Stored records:
........

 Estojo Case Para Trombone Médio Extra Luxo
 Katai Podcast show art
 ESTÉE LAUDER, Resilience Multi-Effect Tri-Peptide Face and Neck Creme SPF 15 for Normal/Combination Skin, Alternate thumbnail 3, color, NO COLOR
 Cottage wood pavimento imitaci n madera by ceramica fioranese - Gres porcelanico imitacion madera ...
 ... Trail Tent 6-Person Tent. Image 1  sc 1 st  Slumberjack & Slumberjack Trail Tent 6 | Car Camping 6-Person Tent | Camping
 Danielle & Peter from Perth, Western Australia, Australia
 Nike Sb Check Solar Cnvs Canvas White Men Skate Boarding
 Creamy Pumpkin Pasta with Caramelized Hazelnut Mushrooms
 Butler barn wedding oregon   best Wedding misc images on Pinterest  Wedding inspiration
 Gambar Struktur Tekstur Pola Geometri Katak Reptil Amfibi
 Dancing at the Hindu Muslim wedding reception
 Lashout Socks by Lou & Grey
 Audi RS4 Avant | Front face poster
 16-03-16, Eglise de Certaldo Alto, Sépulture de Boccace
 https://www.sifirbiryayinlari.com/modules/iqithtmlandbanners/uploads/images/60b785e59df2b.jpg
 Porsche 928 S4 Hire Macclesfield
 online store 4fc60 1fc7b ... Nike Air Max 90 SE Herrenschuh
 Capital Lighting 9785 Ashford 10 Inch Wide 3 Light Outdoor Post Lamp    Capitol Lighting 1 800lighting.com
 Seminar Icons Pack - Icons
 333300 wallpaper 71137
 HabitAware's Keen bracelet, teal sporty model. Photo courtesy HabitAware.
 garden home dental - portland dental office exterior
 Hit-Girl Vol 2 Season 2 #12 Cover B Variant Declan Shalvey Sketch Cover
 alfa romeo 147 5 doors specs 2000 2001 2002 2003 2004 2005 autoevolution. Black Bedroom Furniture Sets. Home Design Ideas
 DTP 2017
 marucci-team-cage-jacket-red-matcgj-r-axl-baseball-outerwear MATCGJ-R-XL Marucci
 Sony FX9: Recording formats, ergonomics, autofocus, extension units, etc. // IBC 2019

........

[Aim of the exercise]
The required answer is the run of lines above, starting at the line with "Butler barn wedding" and ending at the line with "333300 wallpaper 71137", reproduced exactly with both ends.

[Expected answer]
 Butler barn wedding oregon   best Wedding misc images on Pinterest  Wedding inspiration
 Gambar Struktur Tekstur Pola Geometri Katak Reptil Amfibi
 Dancing at the Hindu Muslim wedding reception
 Lashout Socks by Lou & Grey
 Audi RS4 Avant | Front face poster
 16-03-16, Eglise de Certaldo Alto, Sépulture de Boccace
 https://www.sifirbiryayinlari.com/modules/iqithtmlandbanners/uploads/images/60b785e59df2b.jpg
 Porsche 928 S4 Hire Macclesfield
 online store 4fc60 1fc7b ... Nike Air Max 90 SE Herrenschuh
 Capital Lighting 9785 Ashford 10 Inch Wide 3 Light Outdoor Post Lamp    Capitol Lighting 1 800lighting.com
 Seminar Icons Pack - Icons
 333300 wallpaper 71137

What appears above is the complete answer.